When to choose proxy over full mode
Proxy and full mode are different products, not different prices. Pick proxy when at least one of these applies:
- Compliance / data residency. Internal policy or regulation says user data must not flow through a third-party LLM proxy. With proxy mode, the LLM call happens entirely inside your perimeter — Vilow never sees your provider's response in transit.
- You've invested in a custom model. Fine-tuned GPT-4, an in-house Mistral, or a Llama-on-A100 cluster — proxy mode lets you keep using it while plugging in our personality, memory, and relationship engine.
- Provider-key isolation. Your security team doesn't want OpenAI / Anthropic credentials sitting in a third-party vendor's environment. With proxy you never share them with us.
- Your stack already does inference. Many teams have a centralised LLM gateway with budgeting, observability, and prompt-caching baked in. Proxy mode plugs the character intelligence layer into your gateway instead of duplicating those concerns on our side.
- Regional or sovereign clouds. Run on Azure EU, AWS GovCloud, or a local provider — Vilow's brain talks to your gateway over HTTPS, no matter where your inference runs.
If none of the above apply, full mode is simpler and faster to integrate.

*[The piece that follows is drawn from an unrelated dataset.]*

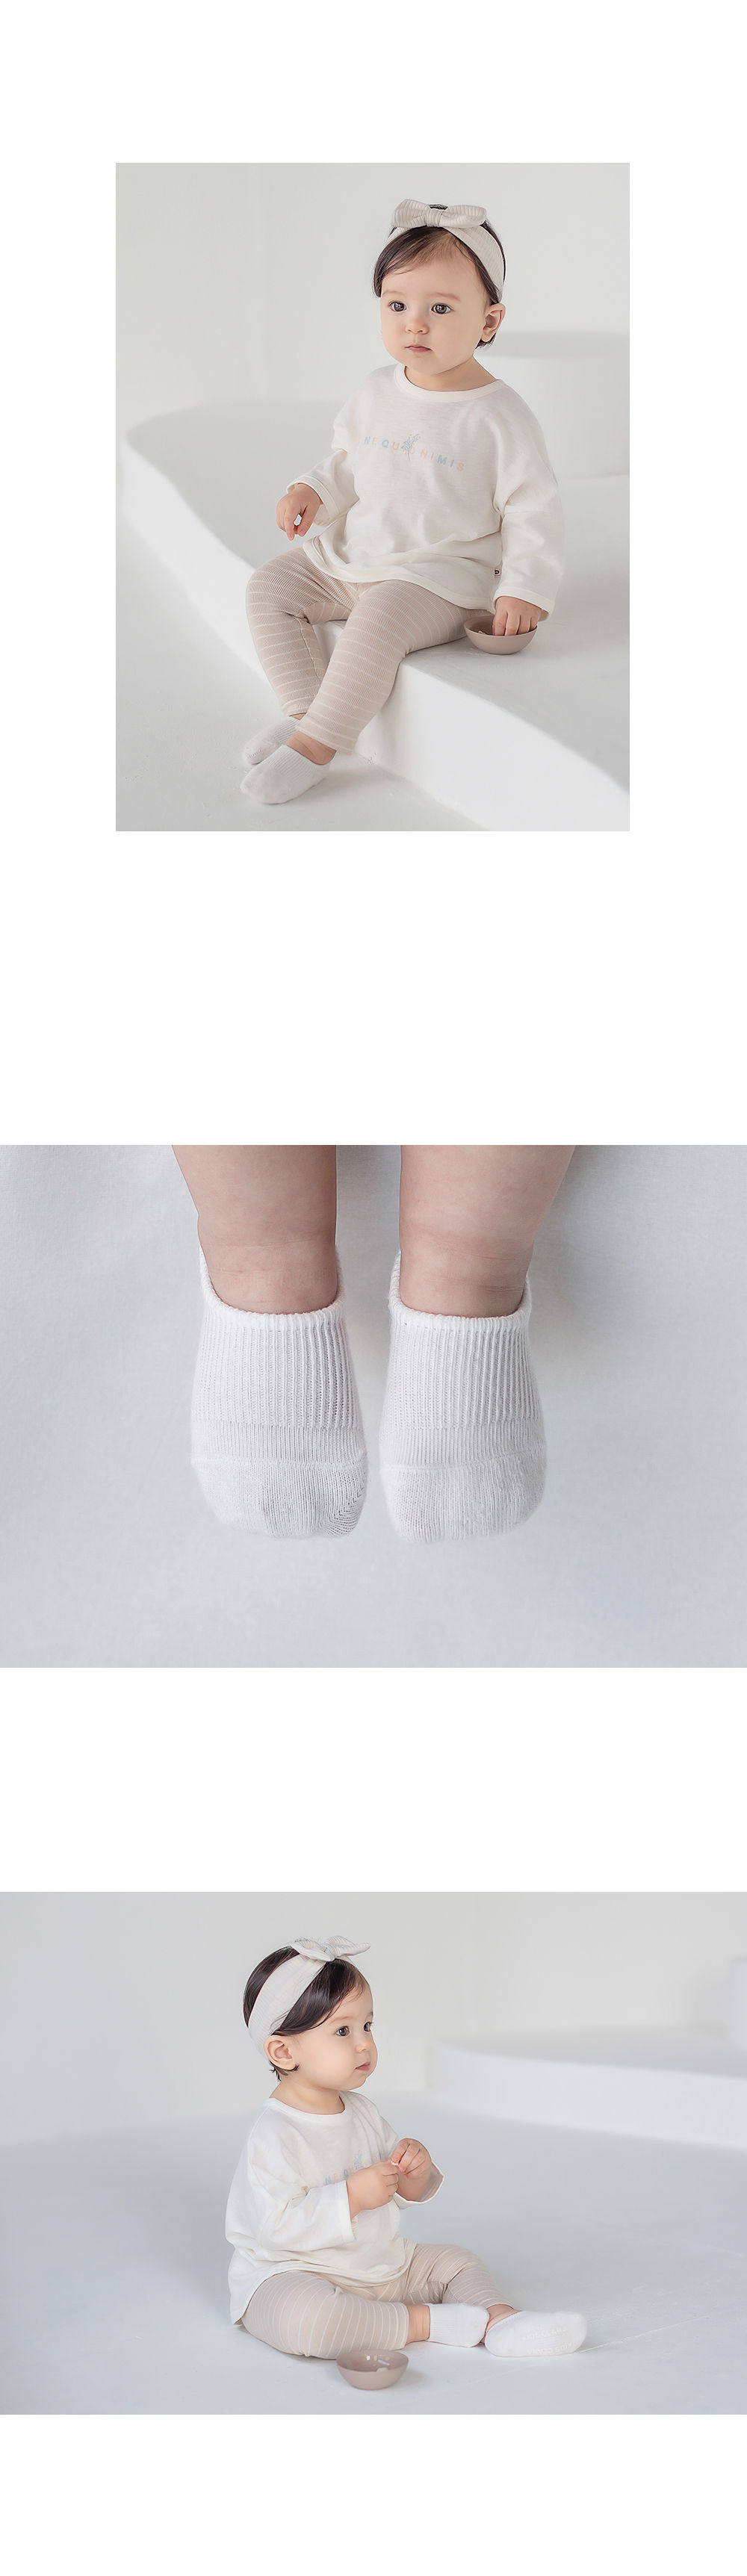 KIDS CLARA - Korean Children Fashion - #Kfashion4kids - Nest Baby Boat Socks 2-in-1 [set of 5] - 8

| Full mode | Proxy mode | |
|---|---|---|
| Best for | Indie devs, startups, fastest path to working bot | Enterprise, compliance, custom or on-prem inference |
| Who runs the LLM? | Vilow (Grok) | You (any provider, any model) |
| Where does the LLM key live? | With us | Only with you |
| Inference observability / budgets | Surfaced via Vilow dashboard | Stays in your existing tooling |
| Latency | One round-trip via Vilow | Direct to your LLM |
| Streaming output | Built in (/send-stream) | Use your provider's streaming, then absorb |
| Adult / intimate features | Available with consent | Not available — third-party providers ban it |
How it works
POST /v1/proxy/chat/{user}/{character}/prepare — you send the user message; we return a session_id and a system_prompt tailored to the character's current mood, memory, and relationship.system_prompt + the user message. Your provider, your key, your costs.POST /v1/proxy/chat/{session_id}/absorb — you post the LLM's reply back. We update memory and emotional state, ready for the next turn.absorb, the character's memory and emotions don't advance — replies will start to feel detached after a few turns. The official SDKs handle absorb for you.
Quick start (Python)
pip install vilow-sdk openai
from vilow_sdk import VilowClient
from openai import OpenAI
vilow = VilowClient(api_key="vk_…")
oai = OpenAI()
def call_openai(system, user):
r = oai.chat.completions.create(
model="gpt-4o-mini",
messages=[{"role": "system", "content": system},
{"role": "user", "content": user}],
)
return r.choices[0].message.content
reply = vilow.chat.send(
external_id="alice",
character_id=42,
user_message="как дела?",
llm=call_openai,
user_local_time="20:30",
)
print(reply)
Quick start (TypeScript)
npm i @vilow/sdk openai
import { VilowClient, type LLMCallable } from '@vilow/sdk';
import OpenAI from 'openai';
const vilow = new VilowClient({ apiKey: 'vk_…' });
const openai = new OpenAI();
const callOpenAI: LLMCallable = async (system, user) => {
const r = await openai.chat.completions.create({
model: 'gpt-4o-mini',
messages: [
{ role: 'system', content: system },
{ role: 'user', content: user },
],
});
return r.choices[0].message.content ?? '';
};
const reply = await vilow.chat.send({
externalId: 'alice',
characterId: 42,
userMessage: 'how are you?',
llm: callOpenAI,
userLocalTime: '20:30',
});
Manual control
Need to inject your own logic between prepare and absorb (logging, streaming, retries)?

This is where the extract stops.